To Those Who Have Practiced Tough Love
I want to encourage you to press pause and begin to examine why you allow someone to continue to speak with you this way. Usually, as was true in my case, I did not value myself, and thus believed I was worthy of the tough love.
How did this happen? As is often the case, generational damage was at the root of my lack of self-worth. My father, whom I loved dearly, had raised me with tough love. Although I had a wonderful opportunity later in life to heal the damage done, getting to that healing was a process.
I came to realize that I had allowed the tough love treatment later in my life because not only was it familiar, but also because my sense of self-worth had been damaged when I was young. The first major task in this healing process was to list the things that identified who I was on a daily basis. Then I listed all the hard work I had done over the years to make myself a more loving, productive person. The awareness that I was a valuable person gave me the freedom to push forward with confidence.
However, it started with making lists daily of who I was that was worthy and valuable, and the things I had done that day that evidenced my worth.
I want you to begin the same process. Soon you
will begin to see that although perfectly imperfect, you are a very worthy
Secondly, you must learn to respectfully request that the person practicing tough love with you stop the behavior. Many times, this requires some counseling or coaching. However, one of the skills often taught by counselors and coaches is “learning to vote with your feet.”
Now this does not mean to pack up and leave. This means that when the tough love session begins, to make a respectful request that the other person speak with you differently. If they refuse, with great compassion, kindness, and respect, say something like, “I’m not in a good place at this moment to have this conversation. I’m going to go for a walk (or check the mail, or get on the treadmill, or run to the grocery store), and then perhaps we can continue the conversation in a different manner.” No accusations, no whining.
Things may not improve immediately, but you must learn to do it calmly, patiently, and consistently. If you are wondering if it has crossed the line to toxic dumping or emotional abuse, you might want to download my free guide to this topic by clicking here.
A Word to Parents
You may be thinking that I am suggesting that you allow your children to run recklessly all over you. That is certainly not the case! However, I am challenging you about being stern or harsh with your children. You can accomplish everything that you need to accomplish from a place of love, confidence, compassion, and respect.

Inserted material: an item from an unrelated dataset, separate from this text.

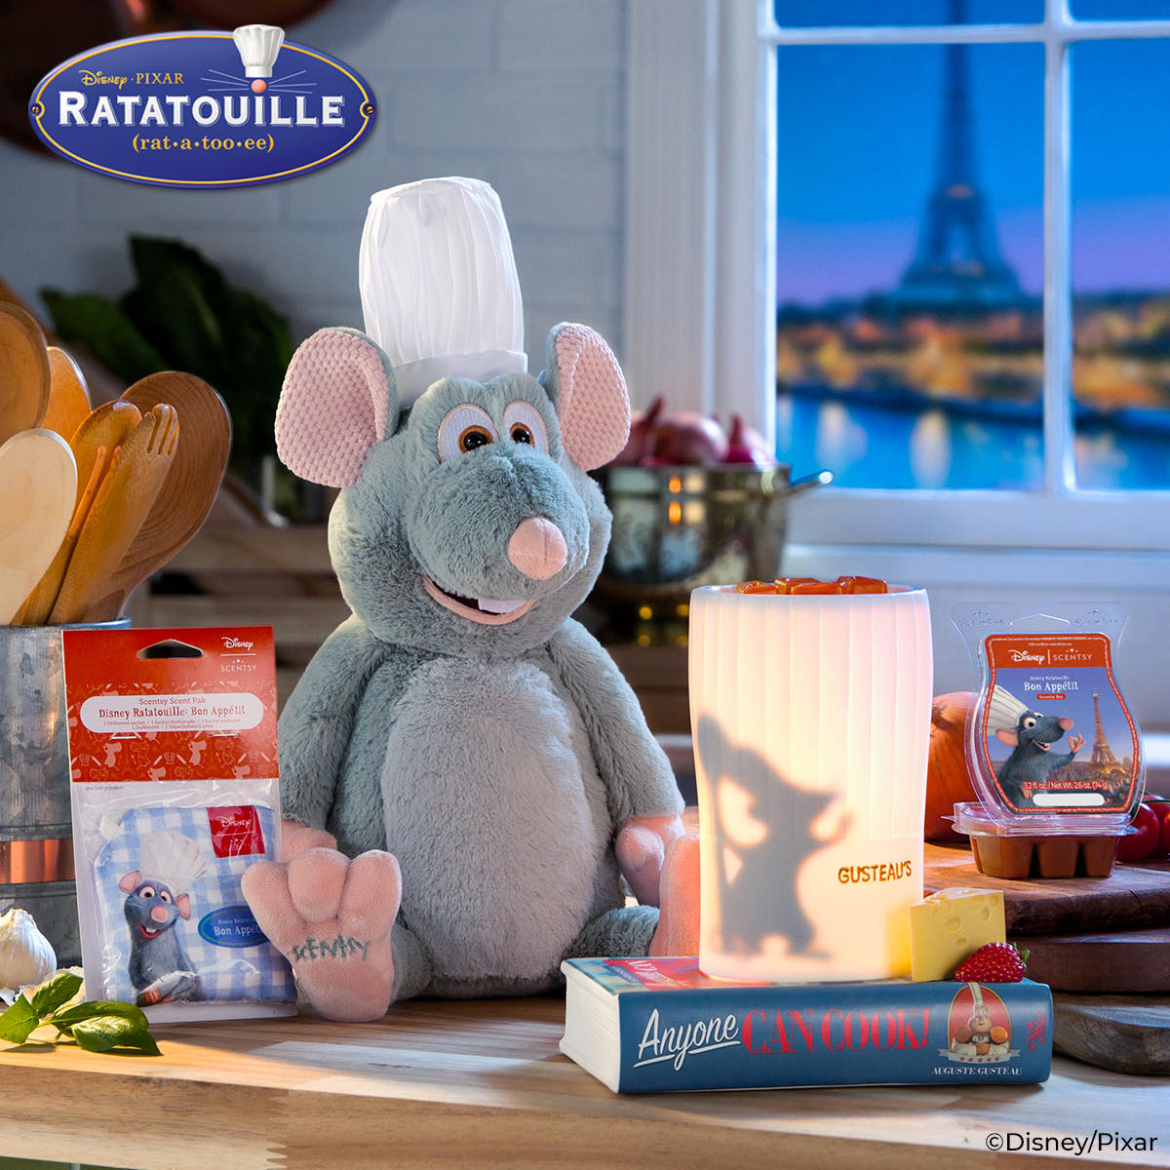 New Disney and Pixar Ratatouille Collection from Scentsy is a recipe for fun!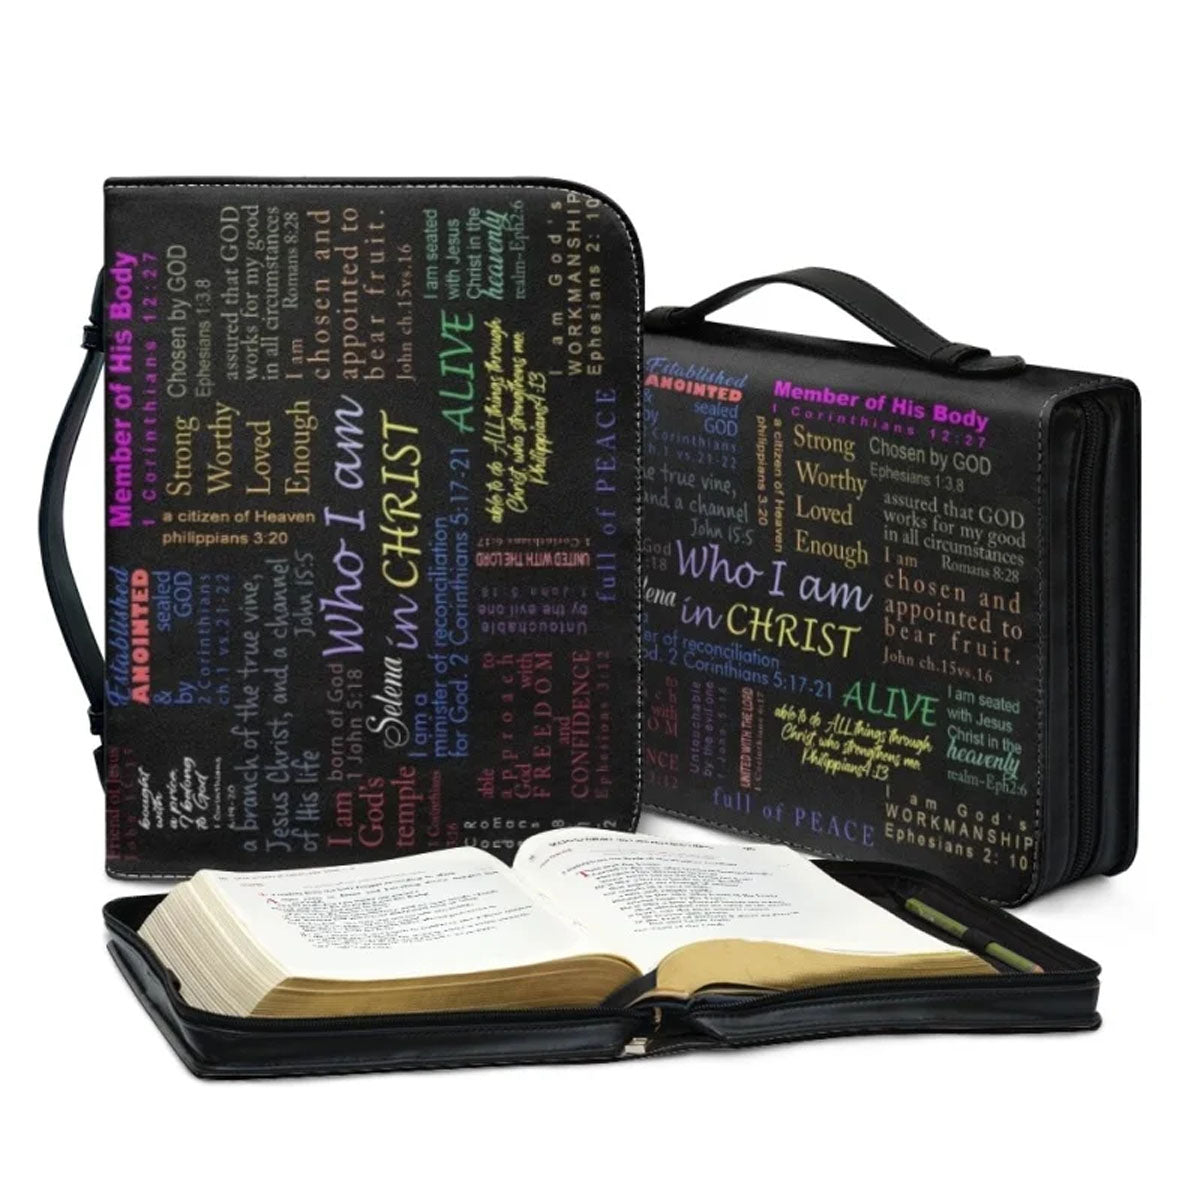 Christianartbag Bible Cover, Who I Am In Christ Bible Cover, Personalized Bible Cover, Mom Bible Cover, Mother Days Gifts, CAB221223. - Christian Art Bag

You may argue that your children are well behaved, diligent students, and high achievers, so it’s obviously effective. I think that is awesome that your kids are great kids! But I believe beyond any doubt, and have seen it proven out in my practice as I have worked with parents for over 20 years… if you are using harshness and sternness to accomplish this, your children may be perfectly behaved and compliant, but their respect for you is, at the very least, damaged.
It is not too late to turn that around. Teach them the same lessons, issue the same consequences, but do it from a different place. Research says that they will respond even better, and that your relationship with them will be restored.
Tough love? There is no such thing!
Courageous and compassionate love? I believe that’s how you truly want to regard those in your life. It’s not too late. Not too much damage has been done. Come up higher and be the best that you can be! I know it’s in you! Let’s ditch tough love and replace it with courageous and compassionate love!